Mis padres ya habían viajado allí antes. Fueron de viaje de novios cuando yo todavía no era más que una idea. Según me contaron, aquello había cambiado mucho desde que lo visitaron a finales del siglo pasado. No lo pongo en duda; la masificación turística había llegado para quedarse y quizá fueran ellos los últimos viajeros que pudieron disfrutar de una experiencia algo más personal. Pero tampoco estaba yo para quejarme. De hecho, estaba para disfrutar.
Una de las ocurrencias de mis progenitores primero y, por una evidente influencia, de sus hijos después, es intentar empaparse de la cultura del lugar del mejor modo posible. Decidieron que montarse en un bus público y acercarse a una ciudad cercana era una buena idea. Me subí al autobús repleto de gente del lugar como no podía ser de otro modo. Los pasajeros hablaban un idioma que resultó ser el mío, pero que no llegaba a poder entender del todo. Quizá fue entonces cuando entendí aquello que la profesora de lengua se empeñaba en enseñarnos en el instituto. Variedades geográficas del español.
Llegué a Higüey, una ciudad con unos trescientos mil habitantes. Las calles eran de tierra, sin asfaltar. El tráfico, caótico y las situaciones algo inverosímiles para un chico acostumbrado a un ambiente medio de la España central.
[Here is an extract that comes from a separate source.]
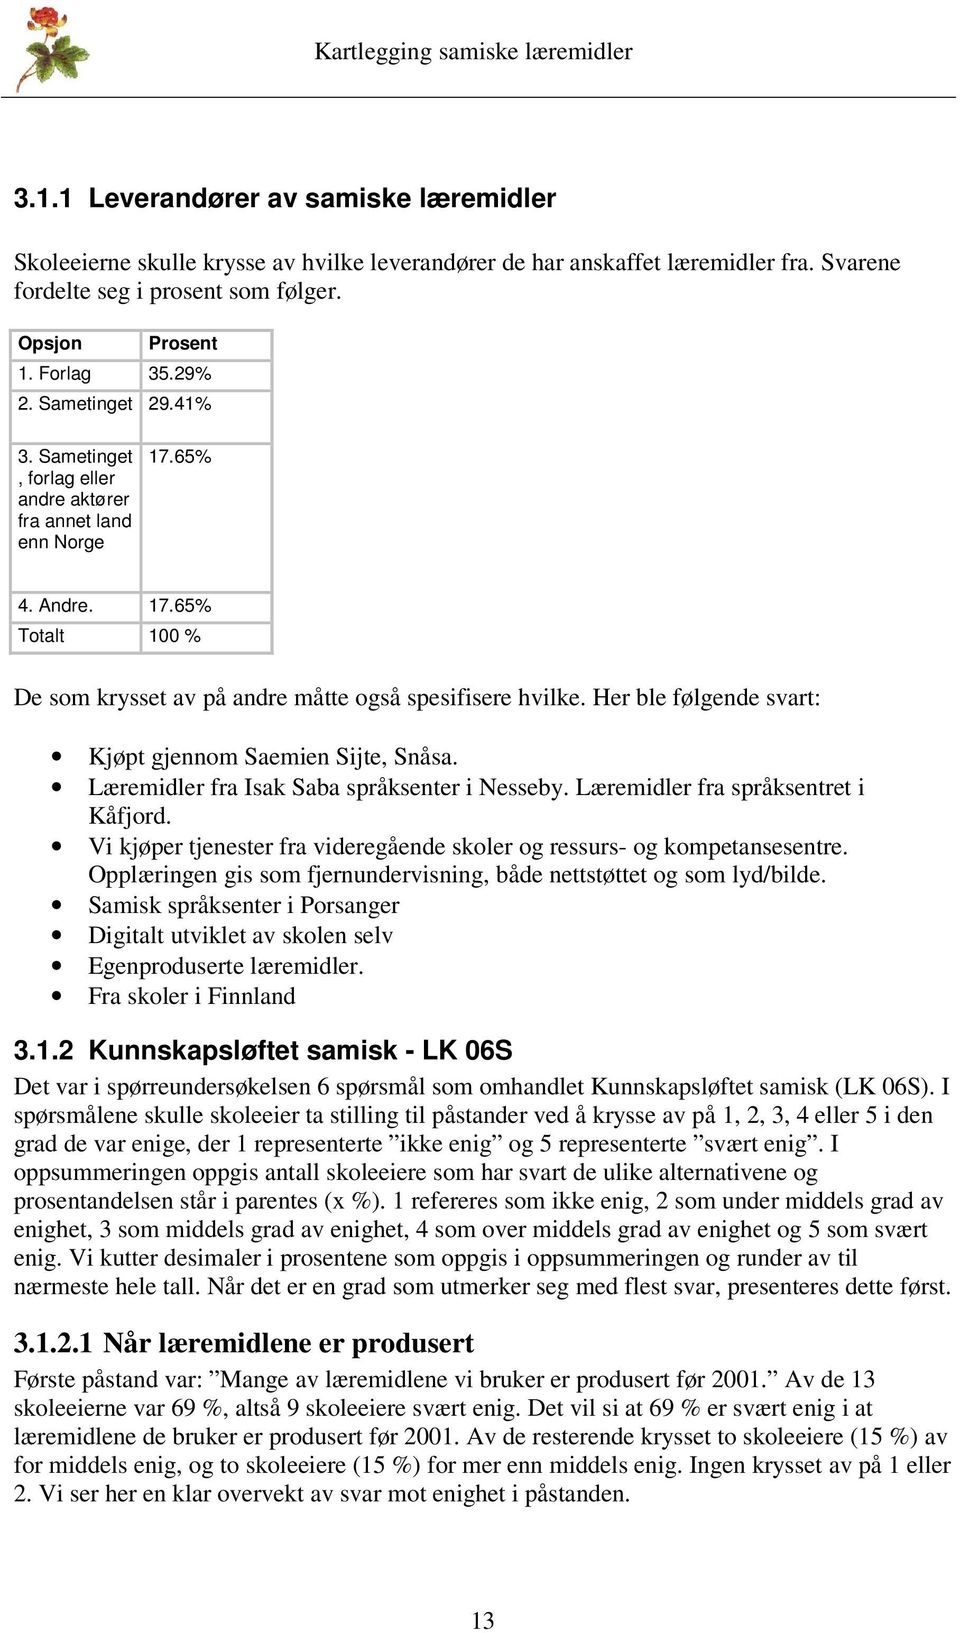 Her ble følgende svart: Kjøpt gjennom Saemien Sijte, Snåsa. Læremidler fra Isak Saba språksenter i Nesseby. Læremidler fra språksentret i Kåfjord.
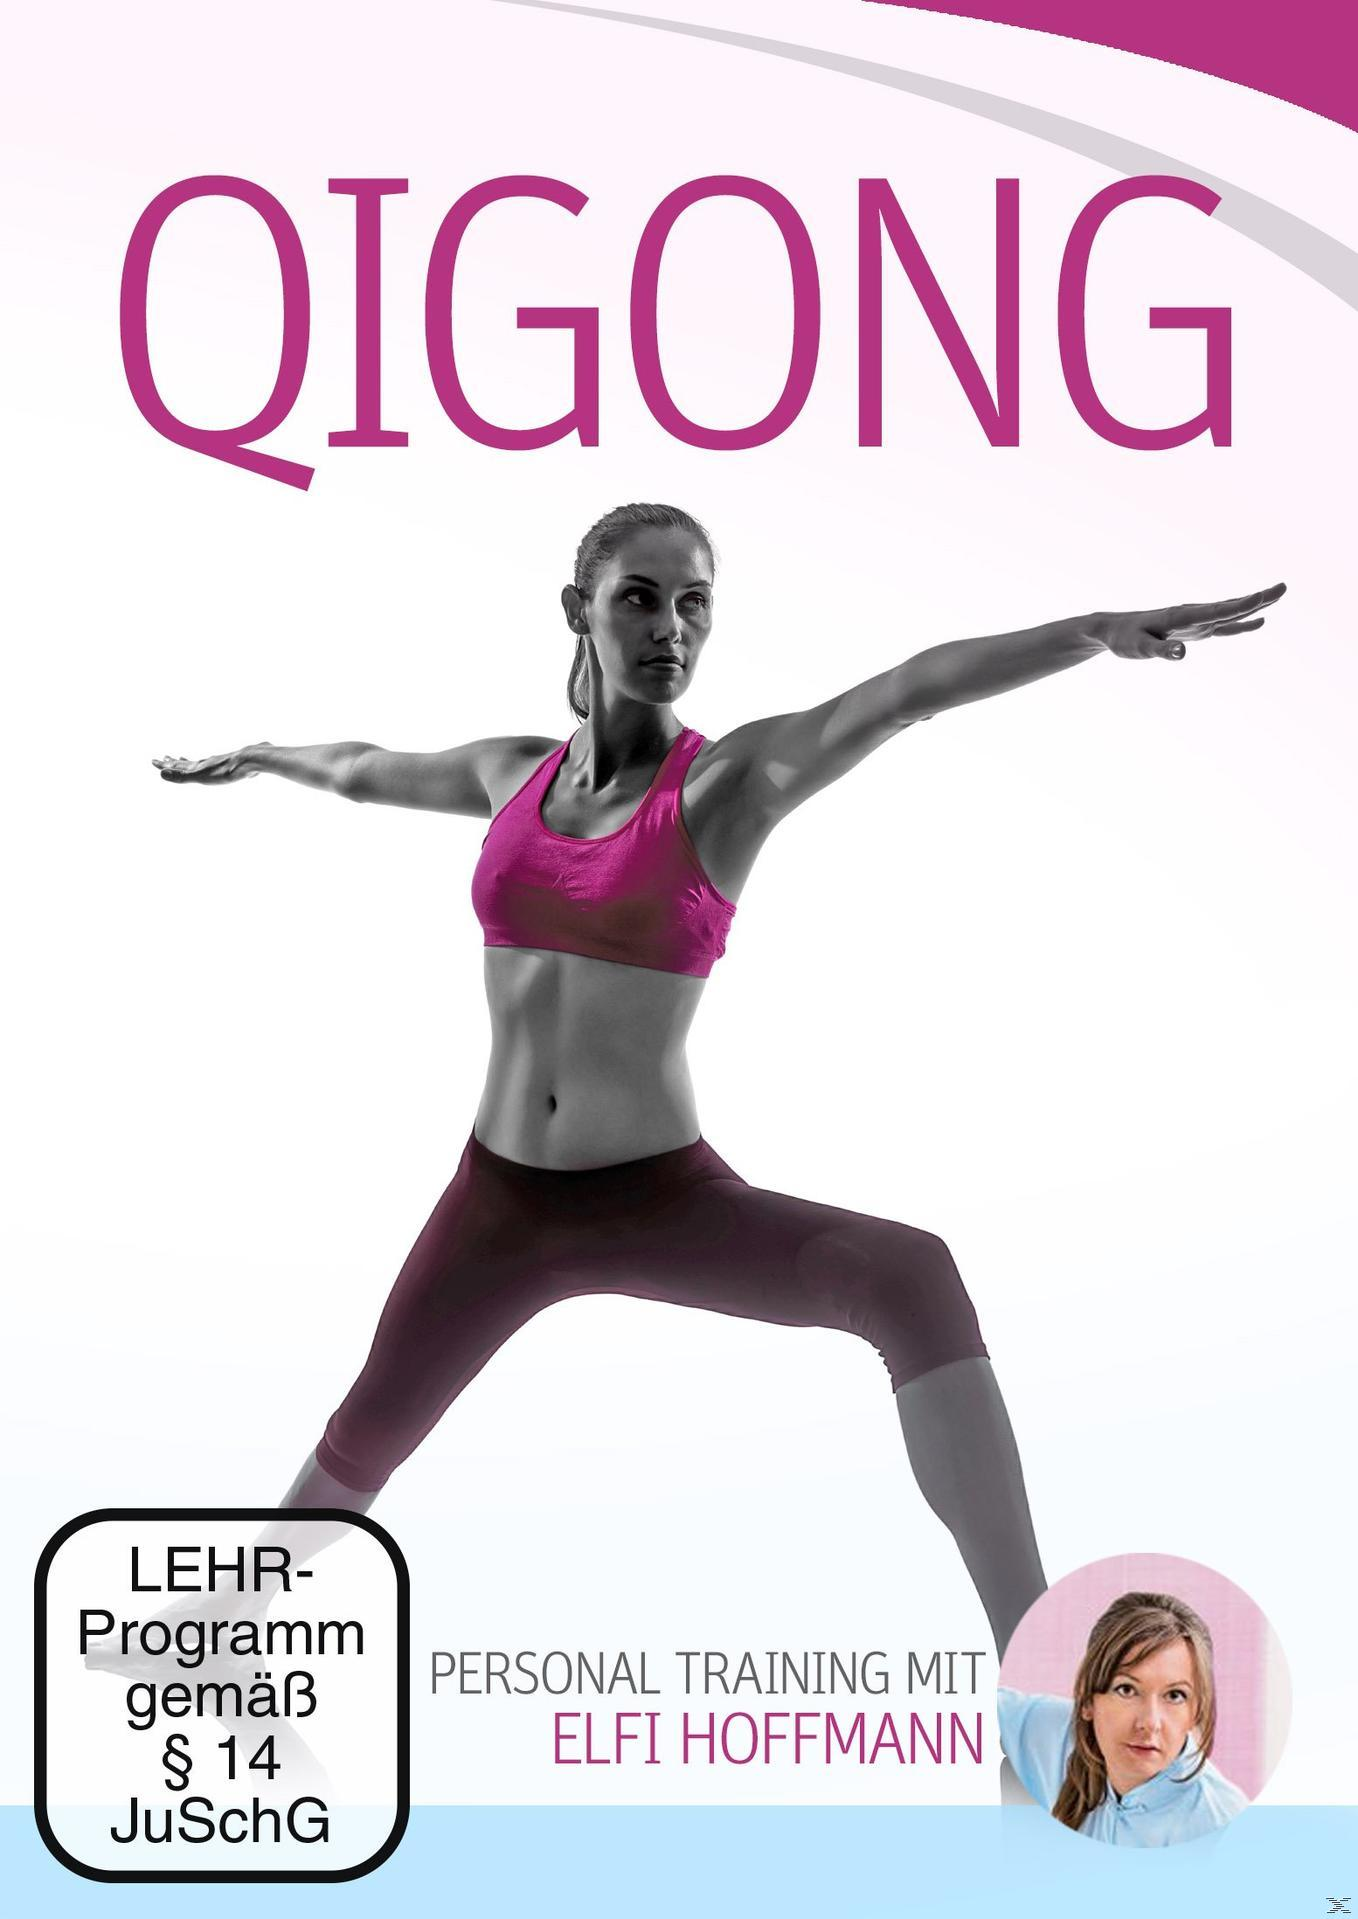 Qigong DVD

Al bajar del autobús nos topamos con un guía contratado por teléfono para que nos enseñara la ciudad. Era un agradable estudiante de Historia con el que recorrimos los puntos más emblemáticos del lugar hasta acabar en la Basílica de la Altagracia, santuario más antiguo de América según dicen.
Mientras caminábamos distraídos por una acera, una pelea surgió en un bar cercano. Uno de los implicados sacó un gran machete y el otro algo similar a una escopeta. No soy conocedor de armas, pero diría que se trataba de una de fuego. Nos cambiamos de acera como si la cosa no fuera con nosotros. Recuerdo vagamente cómo mis padres preguntaron al joven si aquello era normal por allí y un sí suspirado como respuesta.
La anécdota no tiene mucho más recorrido, pero todavía a día de hoy me sigue haciendo gracia. Me imagino años atrás cruzando la calle de tierra a paso ligero, pero sin correr, con una cara de absoluta estupefacción. Al final regresamos al hotel, no sin antes pasar por delante de una concentración de algún tipo de grupo cristiano que proclamaba la venida inminente de Cristo y la existencia del demonio entre nosotros. Me senté en el asiento intentando digerir lo que acababa de suceder sin saber que me iba a servir para publicar un artículo mucho tiempo después y no romper así la costumbre por un día falto de ideas.